Blockkurs Big Data
Course is already full, it's not possible to join it now.
In recent years, new scalable infrastructure for storage and data analysis has been developed which has become known under the name Big Data. This type of technology has become indispensable for storing and analysing data in all kinds of application areas, from business to science.
Goal of this course is a basic understanding of big data technology like Hadoop, Hive, Pig. Students will learn the fundamentals necessary to deal with this kind of data to start working on large scale problems.
Knowledge of elementary programming concepts will be helpful, as well as familiarity Java language and infrastructure (for example, knowing what a jar is, the classpath, build tools like amven). Be aware that lack of such knowledge will increase the time demand of the class.

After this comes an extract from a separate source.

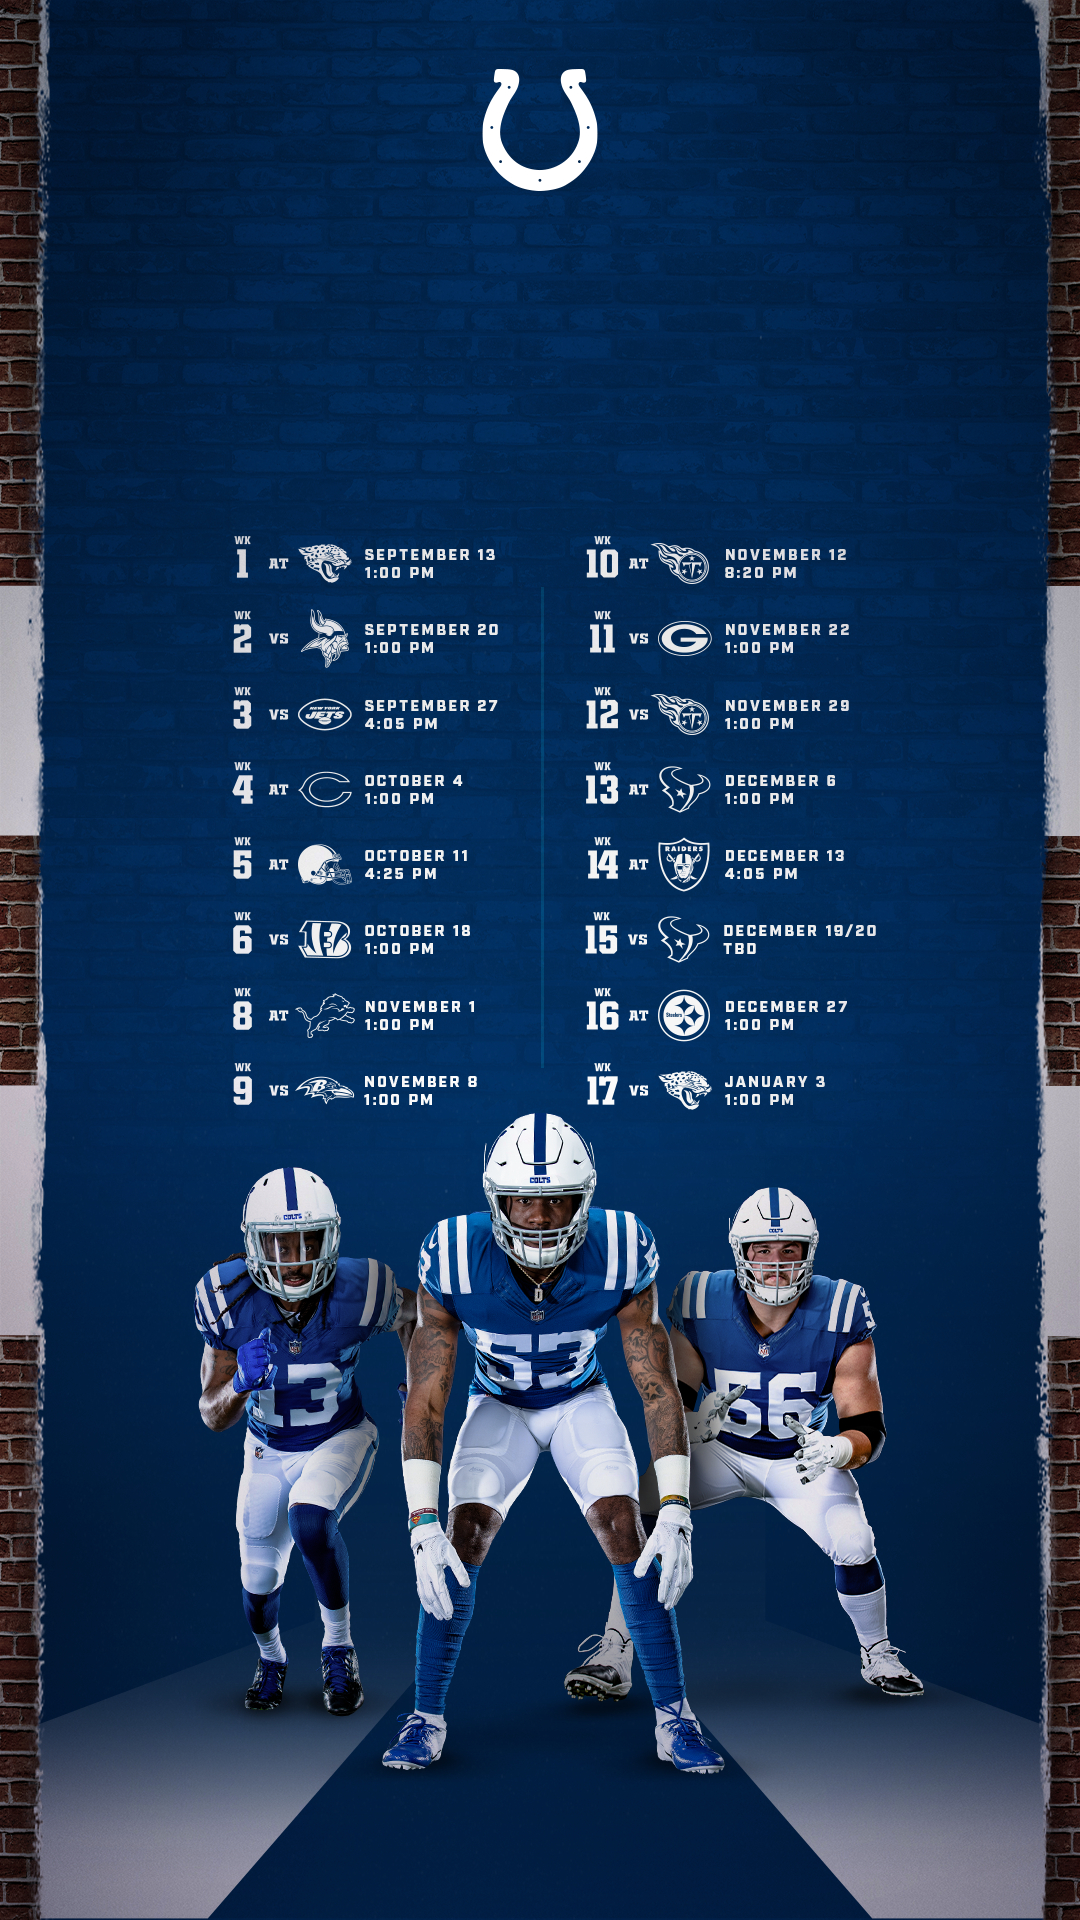 Colts Schedule | Indianapolis Colts - Colts

Roughly, the following topics will be covered:
- Basic Hadoop and HDFS infrastructure.
- Writing Map Reduce jobs.
- Map Reduce streaming for interfacing with scripting languages like Python.
- Apache Hive and Pig for basic data extraction.
- Next gen Big Data infrastructure like Spark and Flink.
- Basic feature extraction and transformation.
- Computing statistics like counts and trends.
A TUBIT-Account is needed for the login on our computers and access to ISIS!
If you have your own laptop and access to eduroam, it is possible to participate without a TUBIT account.
This course is an elective course in the Machine Learning I module.